Data block —
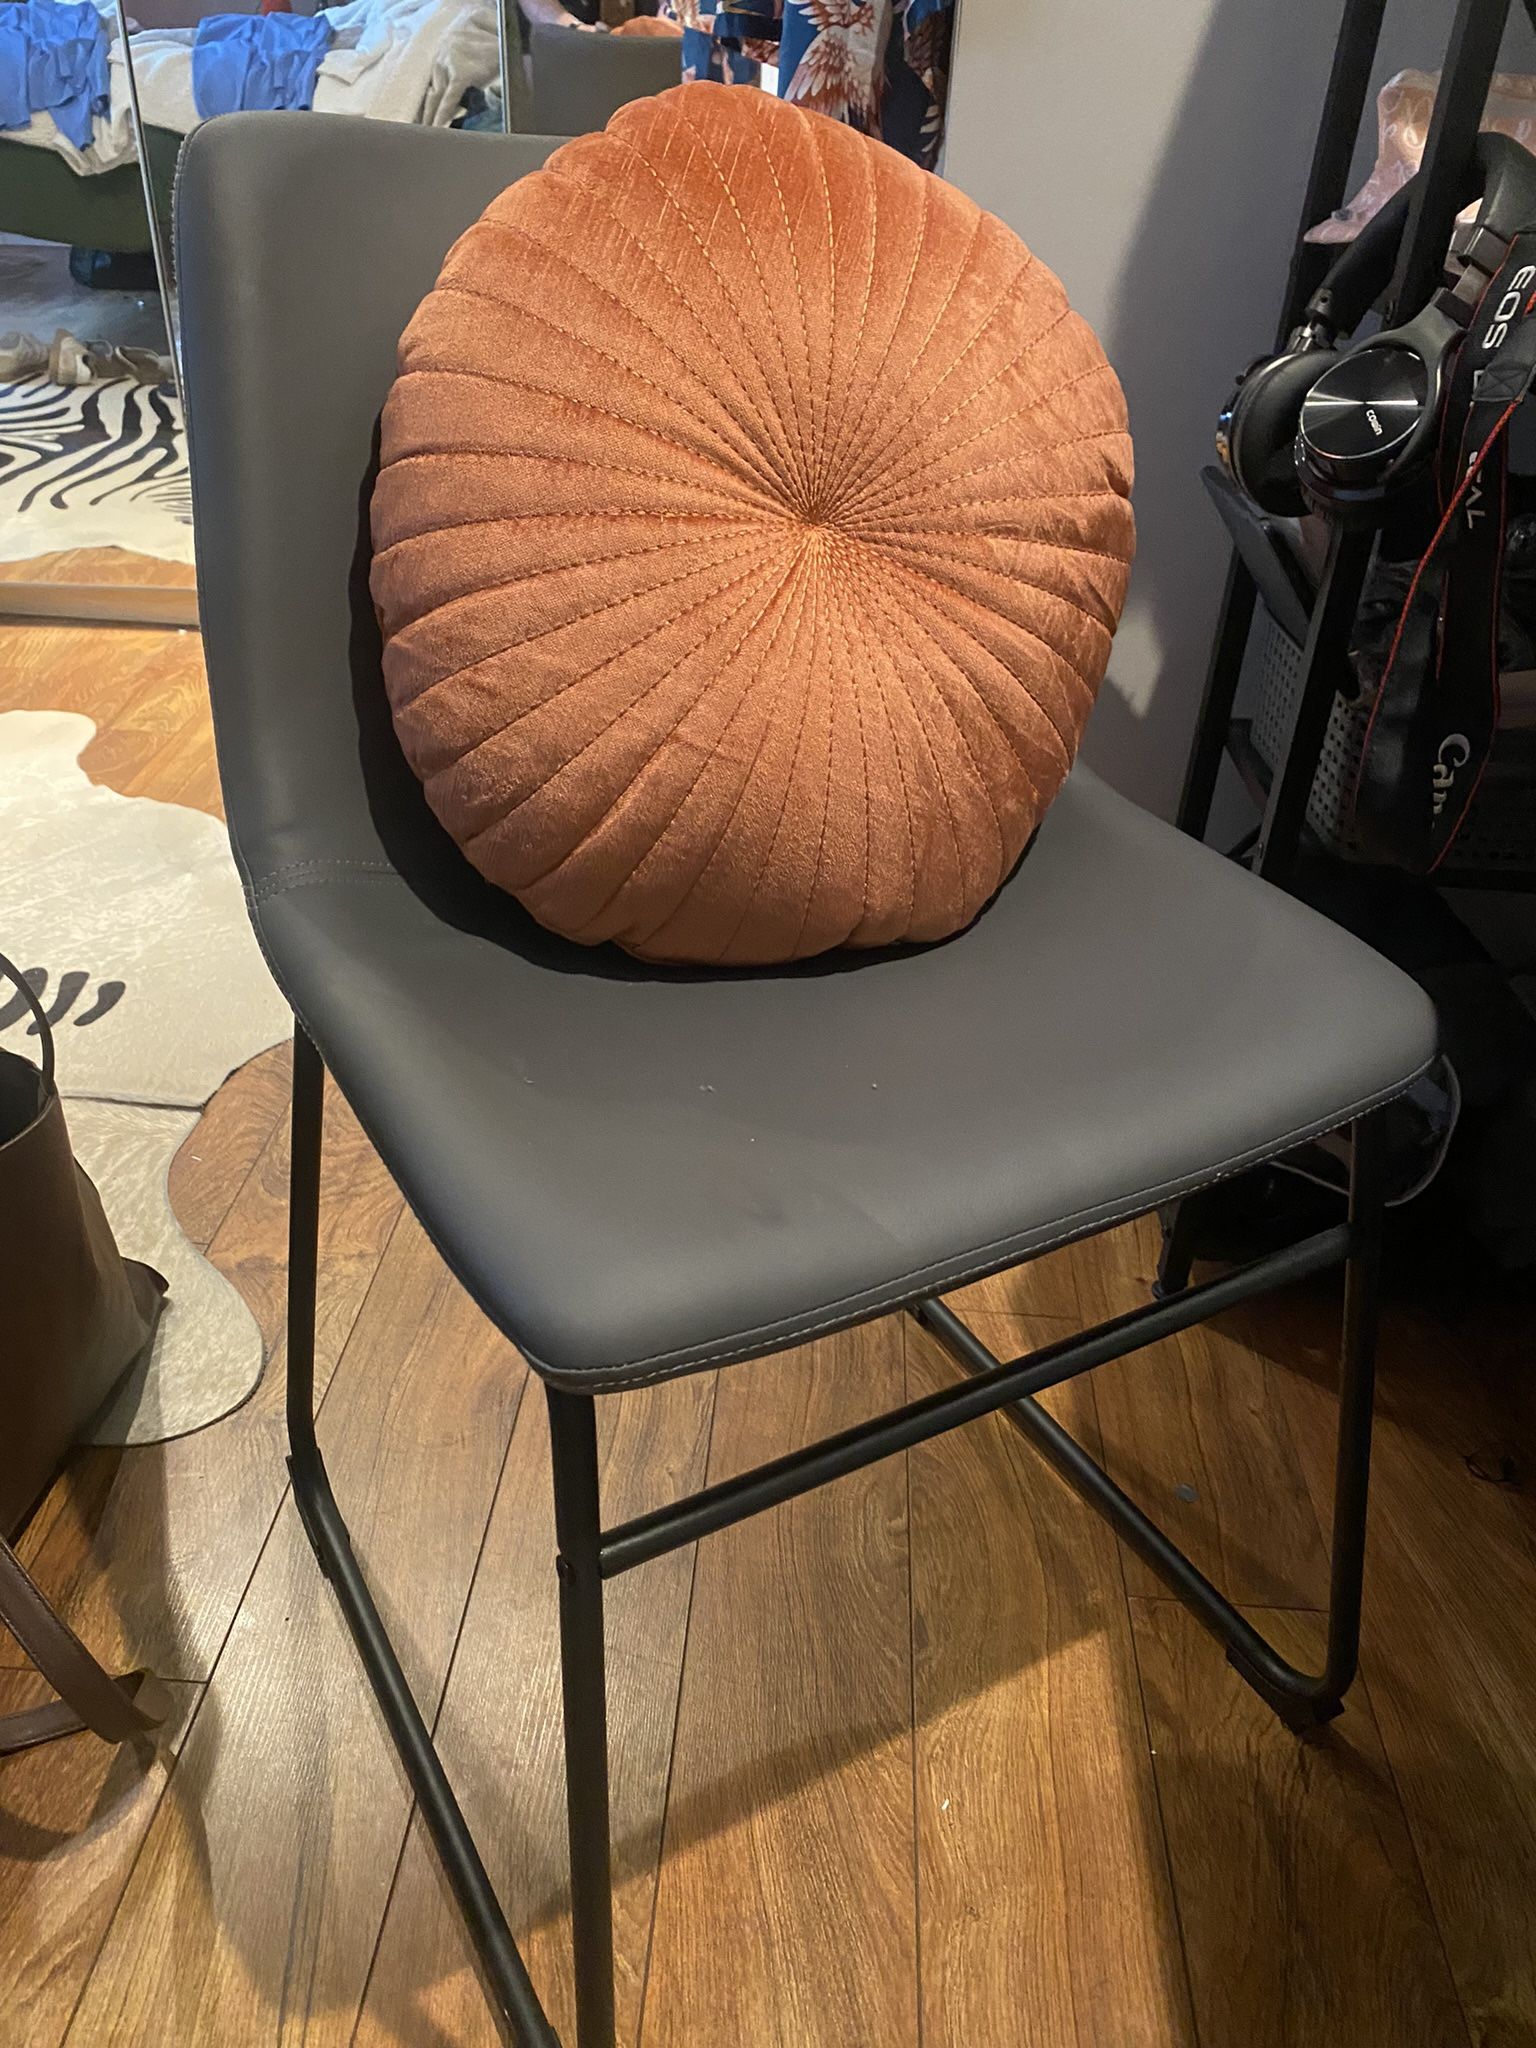 Supported Desk Chair
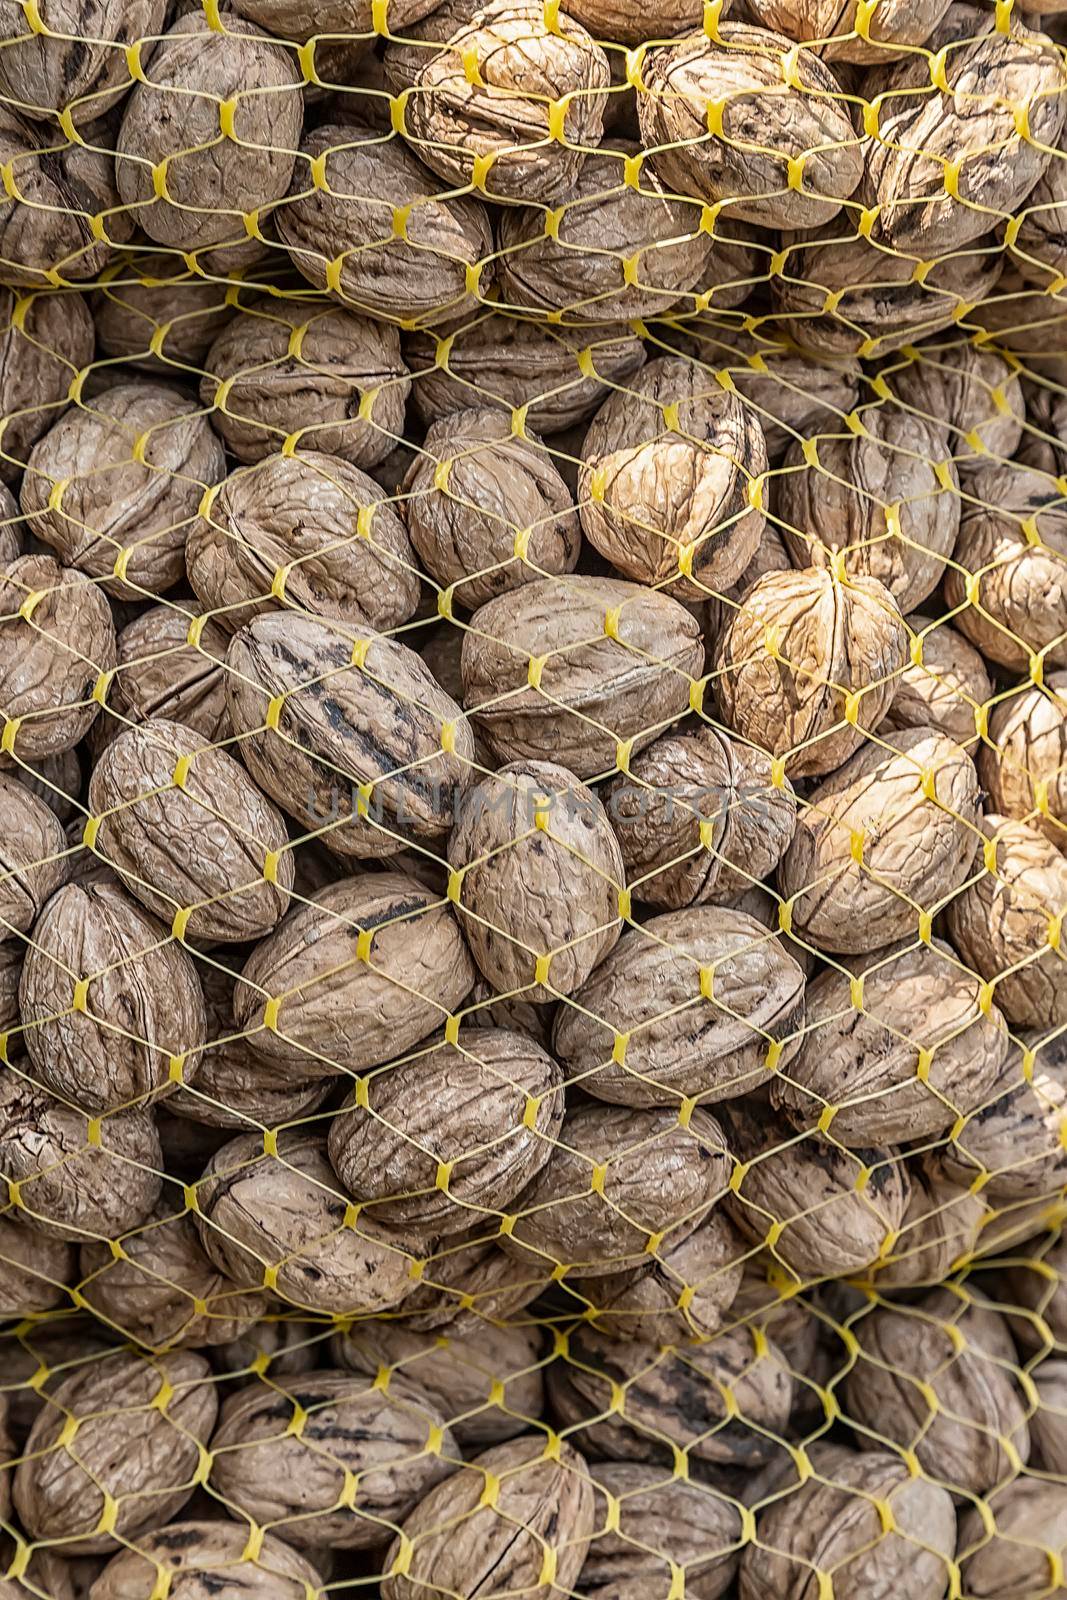 Lots of walnuts in a net bag at a market. Vertical view
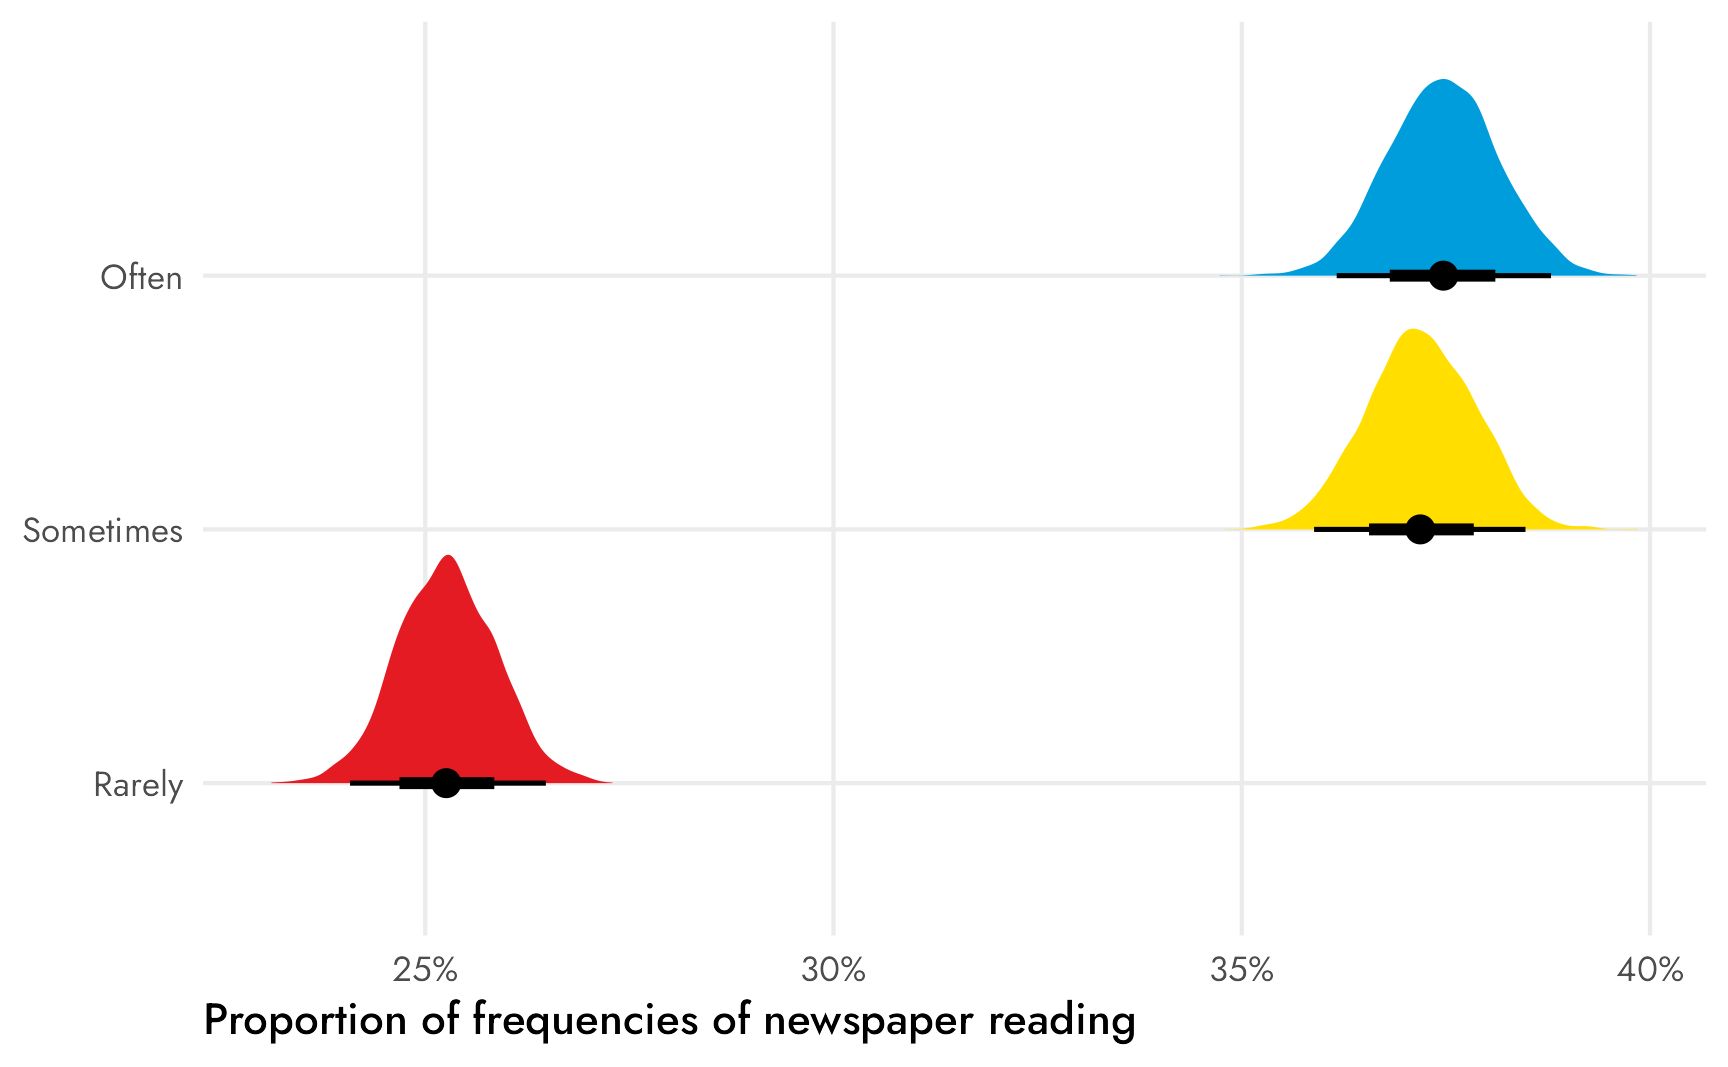 Posterior distributions of the proportions of the frequency of reading newspapers among American students

Goal of the exercise —
Leaving out every picture, extract verbatim the lines from the one containing "Lots of walnuts" through the last line of the listing, inclusive.

Response box —
 Lots of walnuts in a net bag at a market. Vertical view
 Posterior distributions of the proportions of the frequency of reading newspapers among American students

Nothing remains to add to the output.